**COLLECTED DATA**
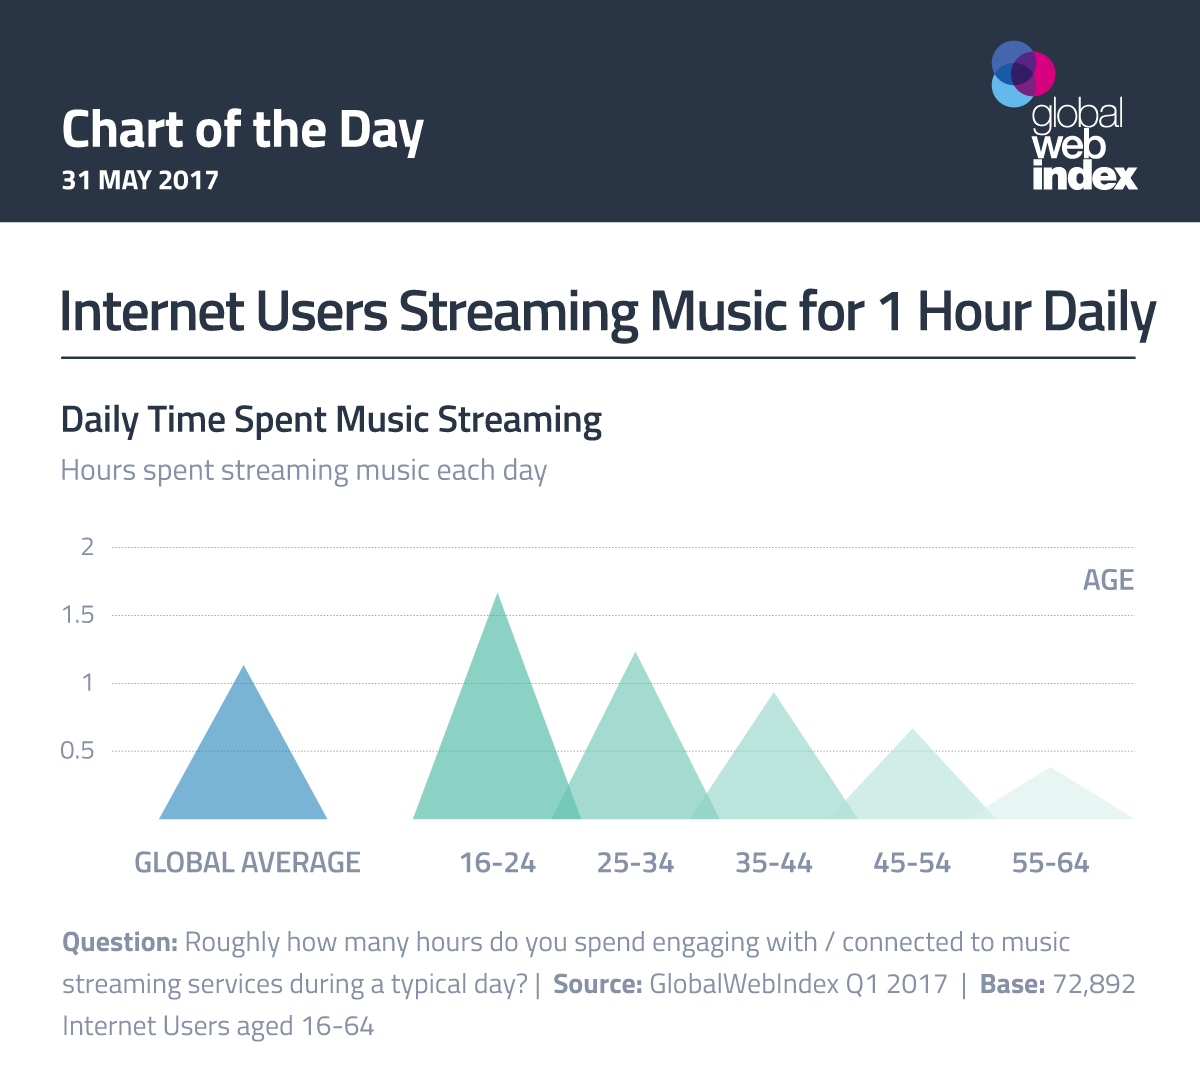 Internet Users Streaming Music for 1 Hour Daily
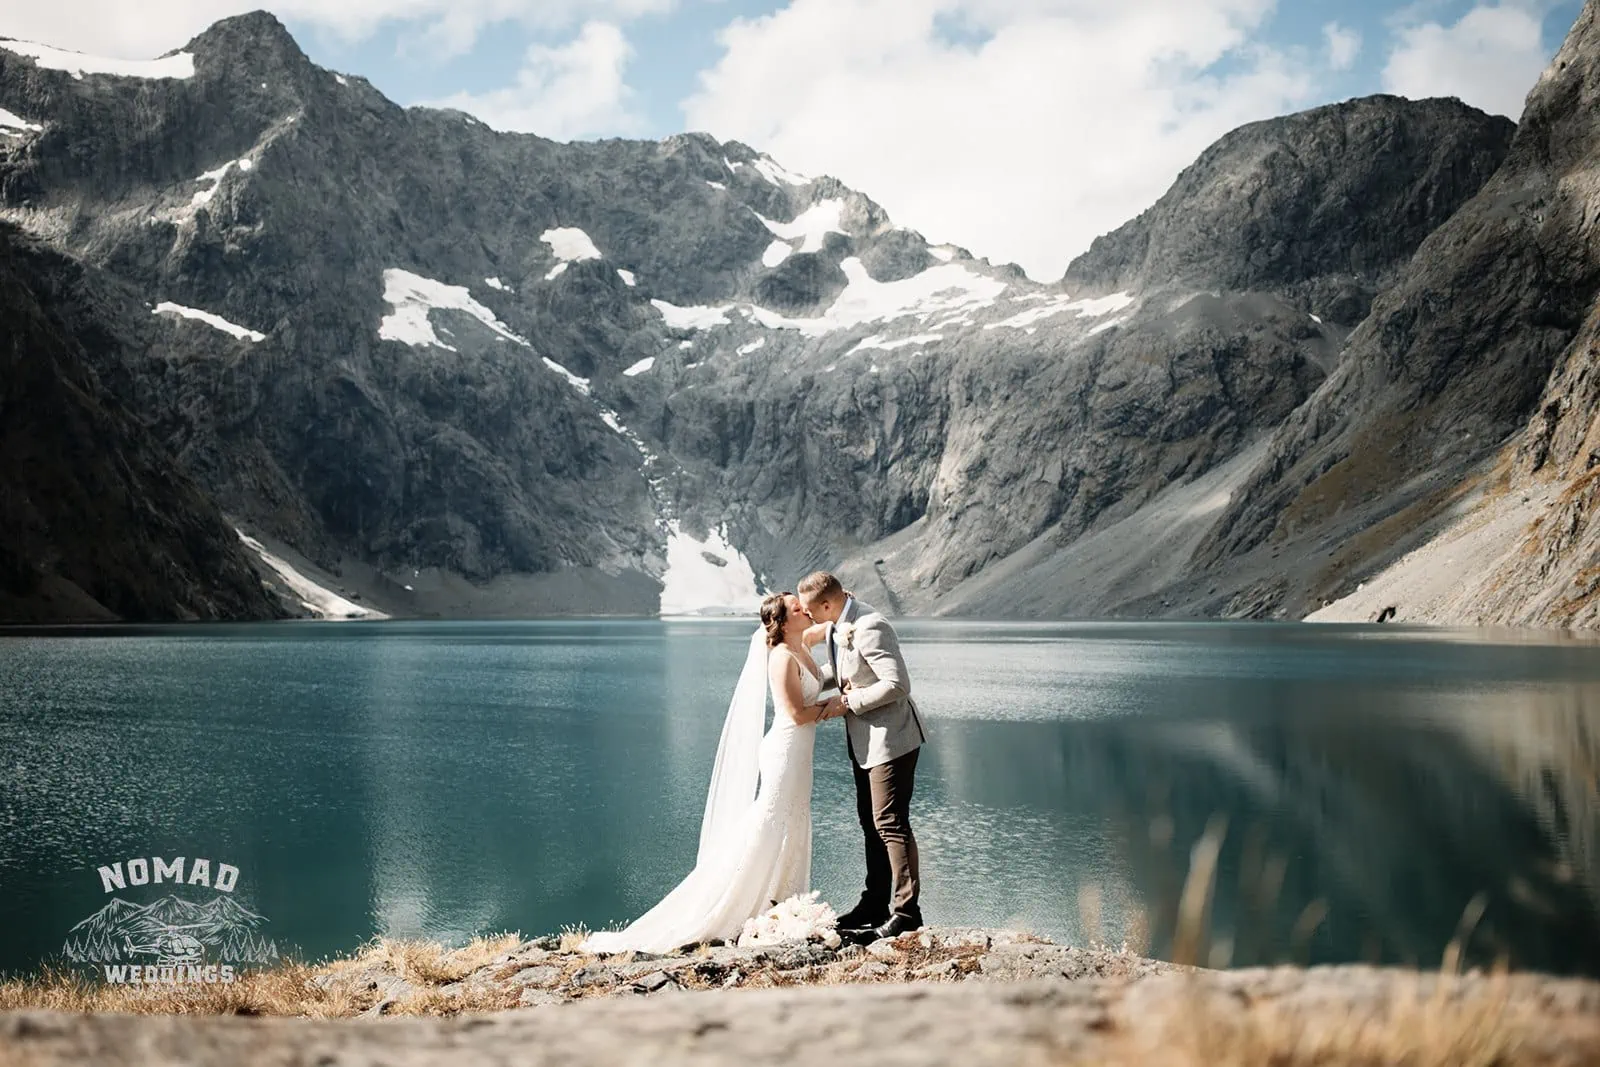 Amy and Eden share an enchanting kiss during their Lake Erskine heli elopement wedding.
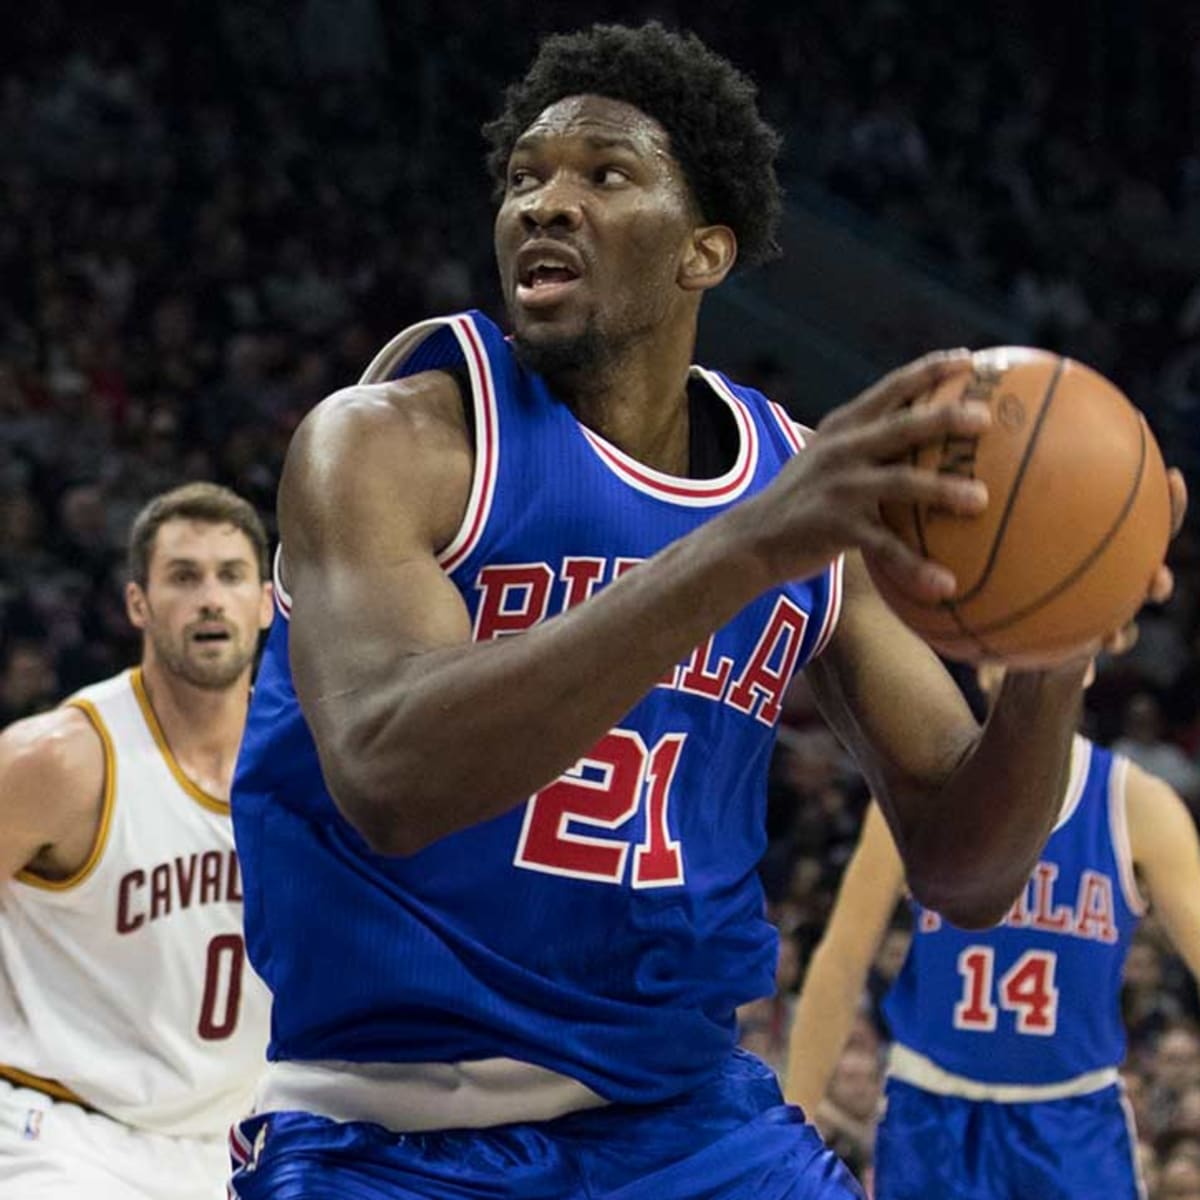 Can Joel Embiid win Rookie of the Year?

**TASK STATEMENT**
Pictures aside, retype the material exactly.

**WRITTEN ANSWER**
 Internet Users Streaming Music for 1 Hour Daily
 Amy and Eden share an enchanting kiss during their Lake Erskine heli elopement wedding.
 Can Joel Embiid win Rookie of the Year?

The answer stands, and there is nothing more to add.